The Canada Revenue Agency (CRA) will charge 7% interest on late payments in the third quarter of 2025 — a one-percentage-point drop from 8% in the previous quarter.

The rate charged on overdue tax is set four percentage points higher than the prescribed rate on family loans.

Based on Government of Canada three-month Treasury Bill yields through April, the prescribed interest rate used for loans to family members will be 3% in the third quarter, down from 4% in the second quarter.

The prescribed rate hasn’t been as low as 3% since the last quarter of 2022. It began rising in the third quarter of that year. Up until 2022’s third quarter, the rate had been 1% for two years, with the rate charged on overdue tax at 5%. The prescribed rate hit 6% in the first half of 2024 before beginning to drop.

On Jan. 1, 2025, the CRA began charging 8% interest on overdue taxes, down from 9% in the second half of 2024. The CRA will continue to charge 8% through June 2025.

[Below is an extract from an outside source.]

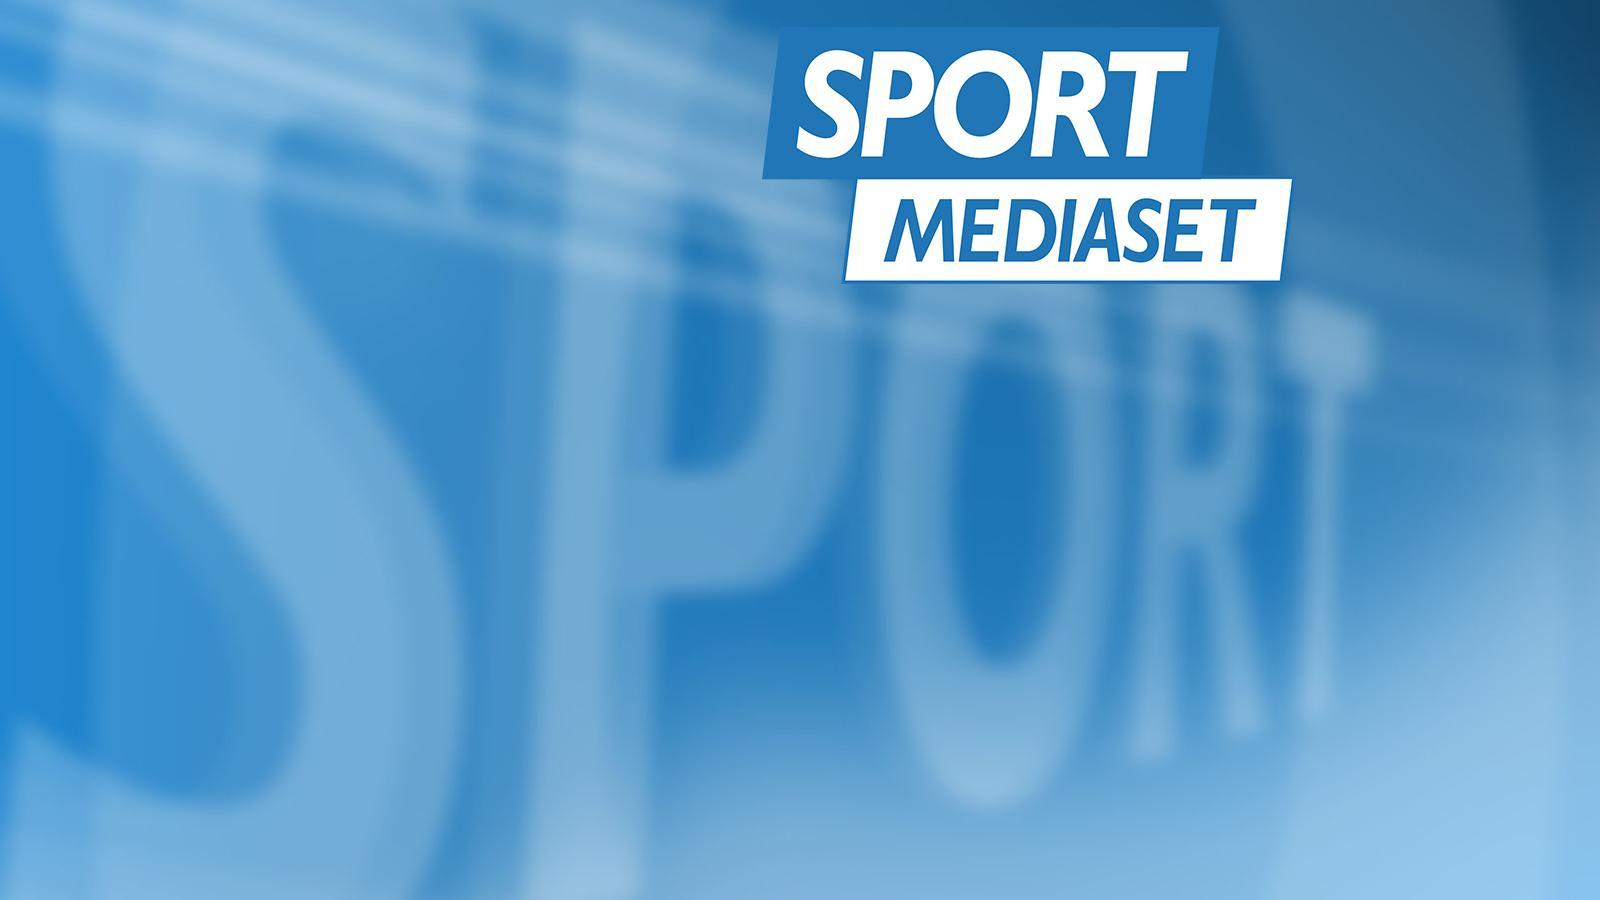 Italia 1 Sport Mediaset '21

The CRA charges interest, compounded daily, on overdue taxes. It may also impose penalties — for late filing, for example — as well as interest on the penalties.

Most taxpayers had an April 30 deadline to file their 2024 tax returns and pay any taxes owing. Self-employed taxpayers have a deadline of June 15, although taxes owing were due April 30.

Individual taxpayers reporting capital gains on their 2024 returns have an extended tax-filing deadline of June 2, because of the Jan. 31, 2025, deferral of the now-defunct proposed increase to the capital gains inclusion rate. This deadline includes T1 filers who have T3 tax slips reporting capital gains (the extended deadline generally doesn’t include these taxpayers’ spouses). Trusts reporting capital gains have until May 1 — today — to file.

Prescribed-rate calculation

The lower the prescribed rate, the greater the potential for income splitting using a prescribed-rate loan strategy. The prescribed rate is calculated every quarter.

According to Section 4301 of the Income Tax Regulations, the prescribed rate is based on the average yield of Government of Canada three-month Treasury Bills auctioned in the first month of the preceding quarter, rounded up to the next whole percentage.

The auction yield for three-month T-Bills was 2.59% on April 8 and 2.65% on April 22. As the average of those yields is 2.62%, the prescribed rate will be 3% for the third quarter of 2025.